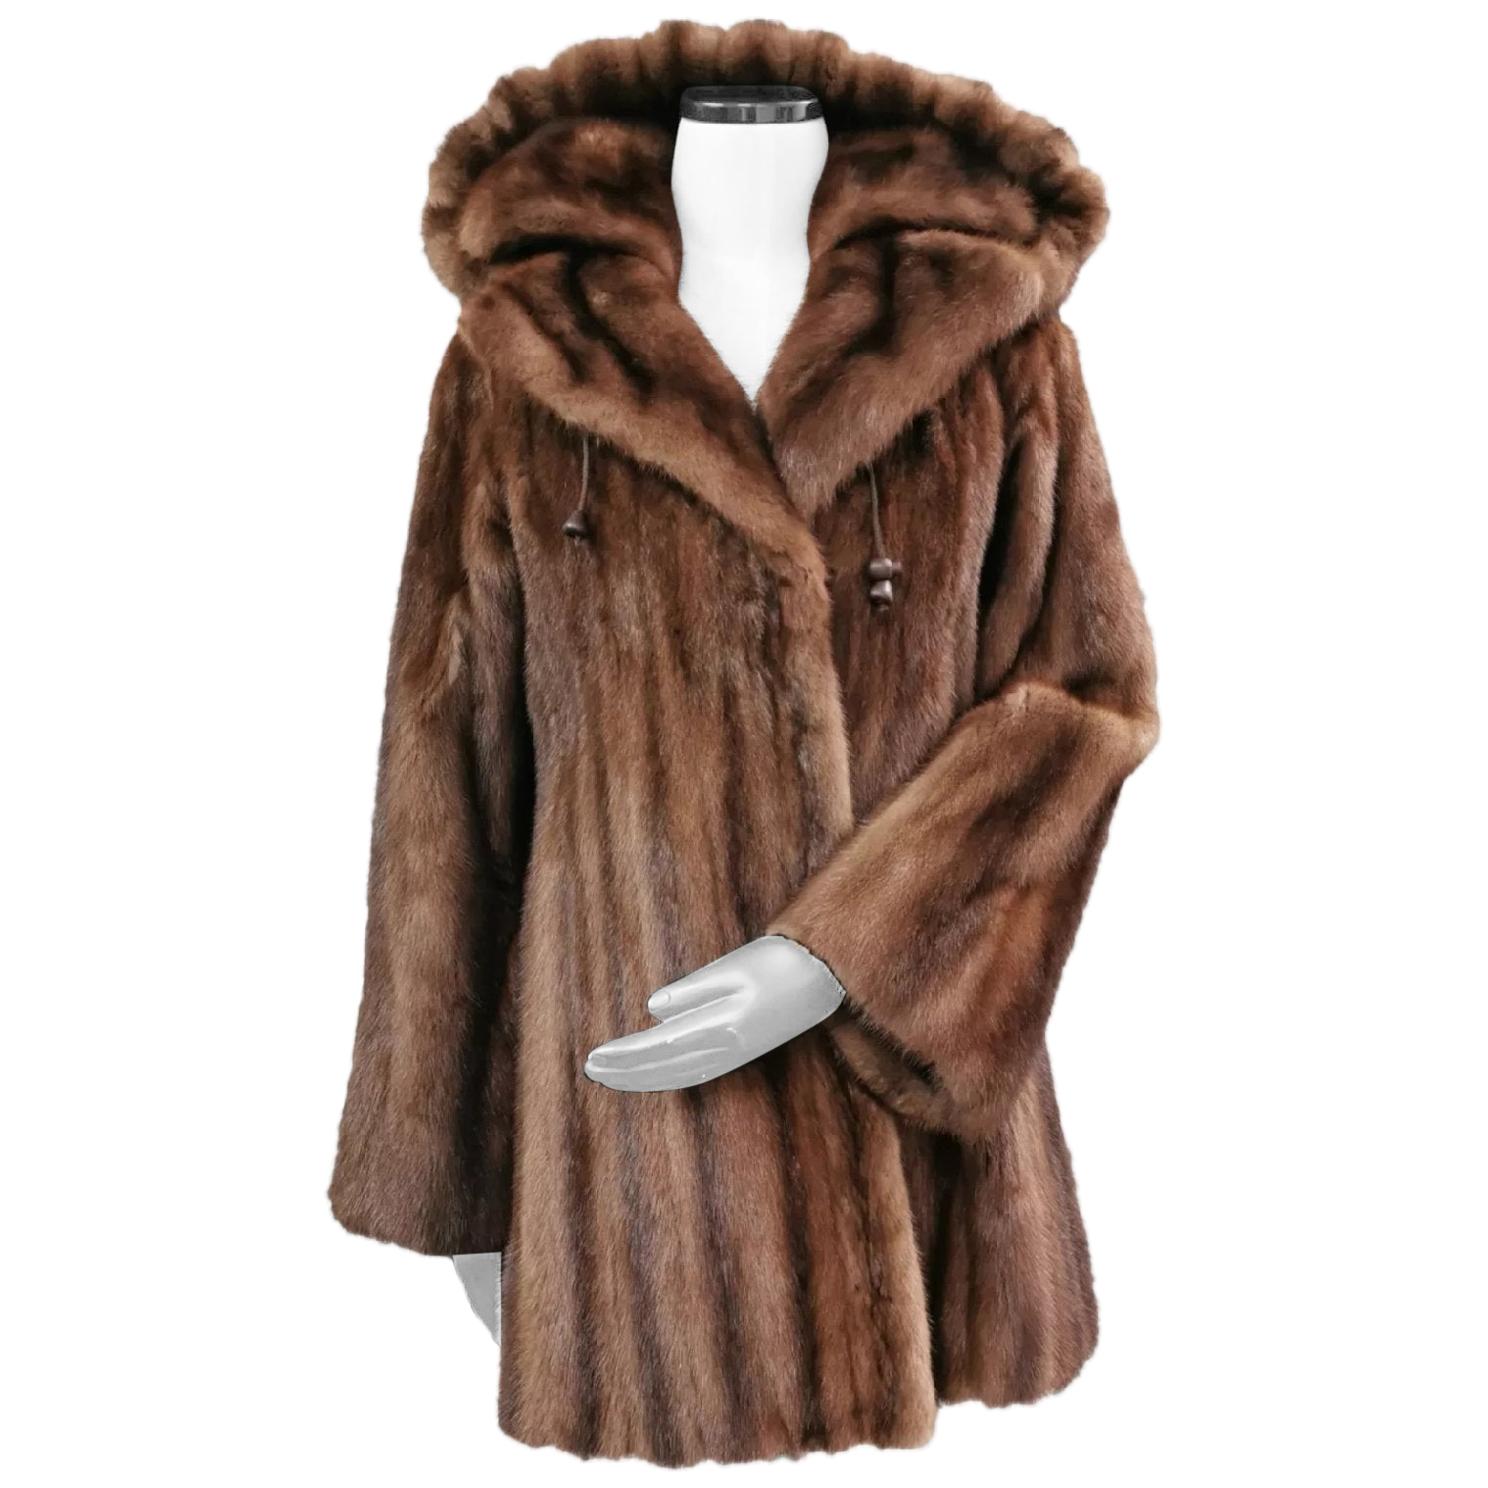 Demi buff mink fur coat with detachable hoodie size 4-6
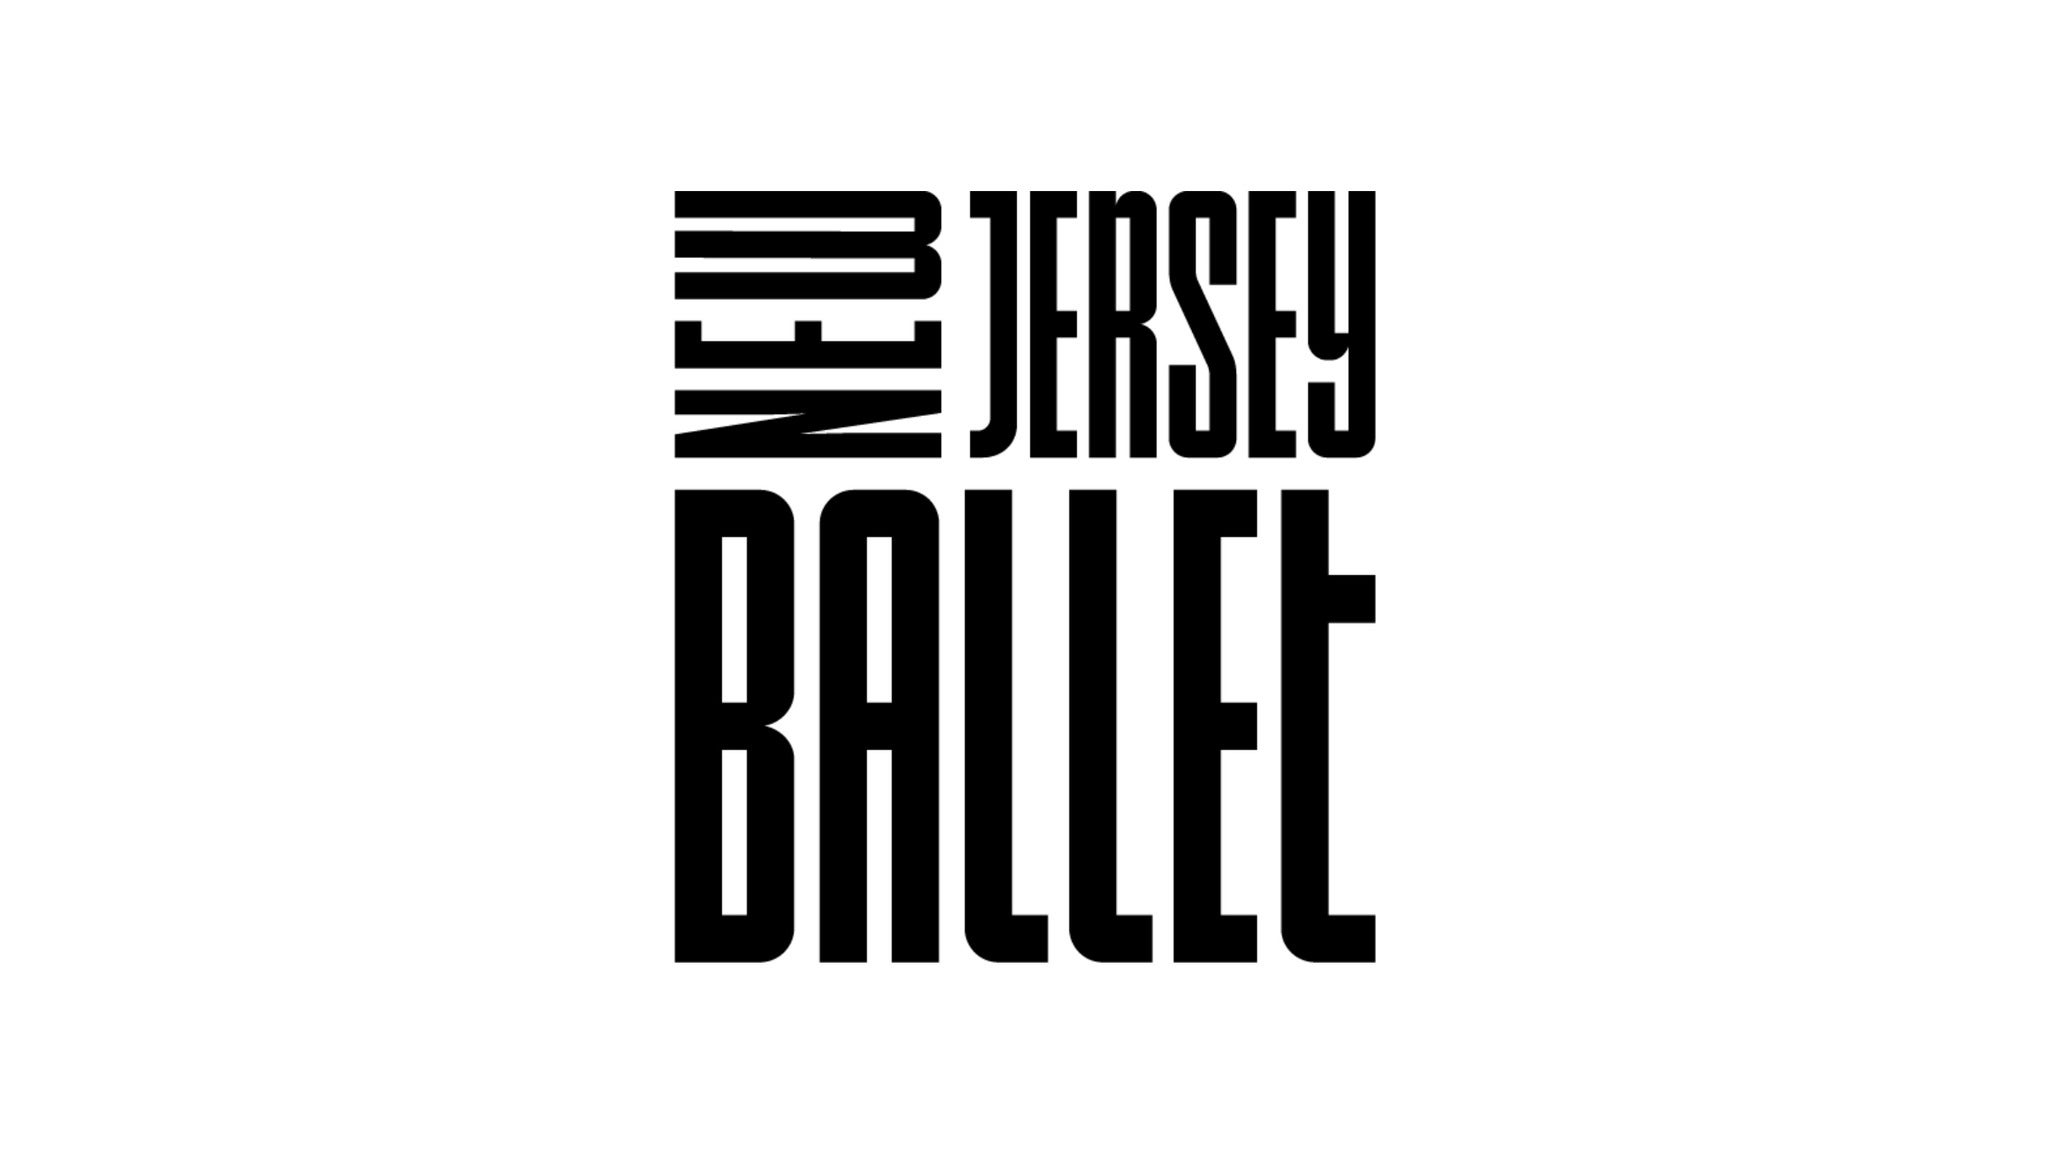 New Jersey Ballet Company
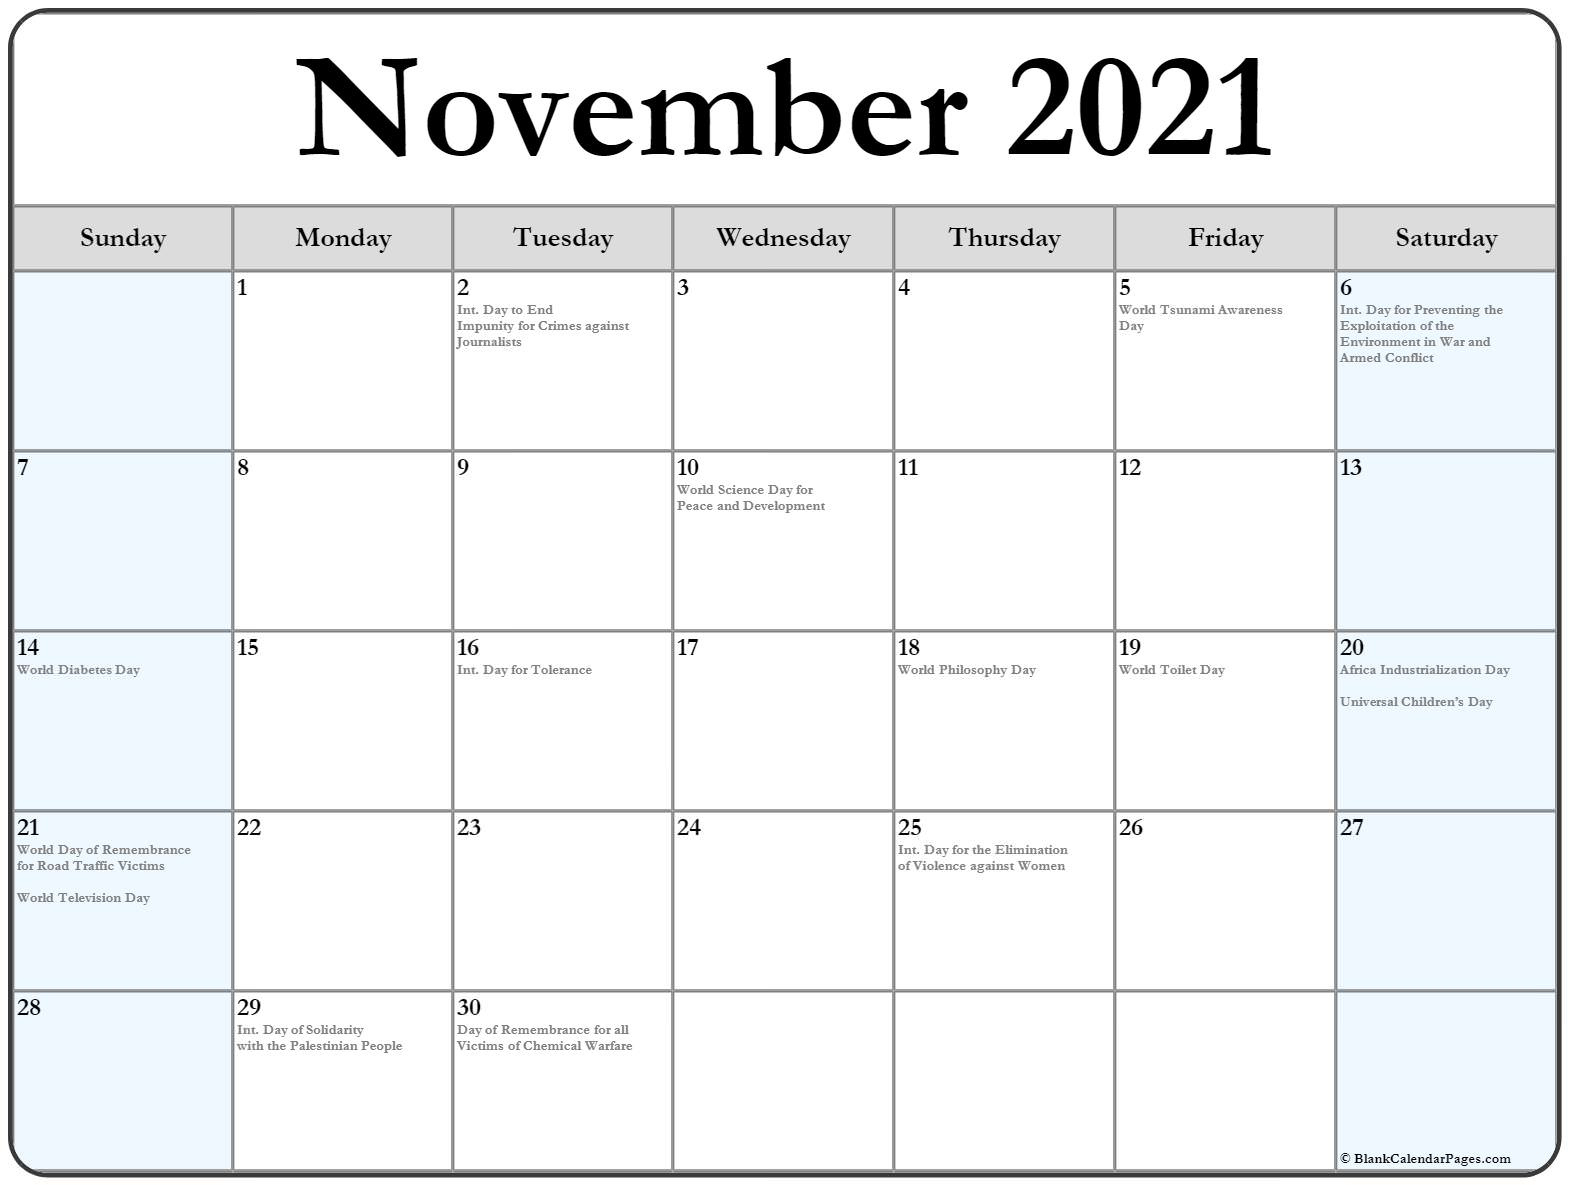 Collection Of November 2021 Calendars With Holidays November 2021 Calendar Xl

◇ ◇ ◇

Your answer must be an exact copy of the lines from the one with "New Jersey Ballet Company" through the final line of the data, both included, without any pictures.

Answer to this problem:
 New Jersey Ballet Company
 Collection Of November 2021 Calendars With Holidays November 2021 Calendar Xl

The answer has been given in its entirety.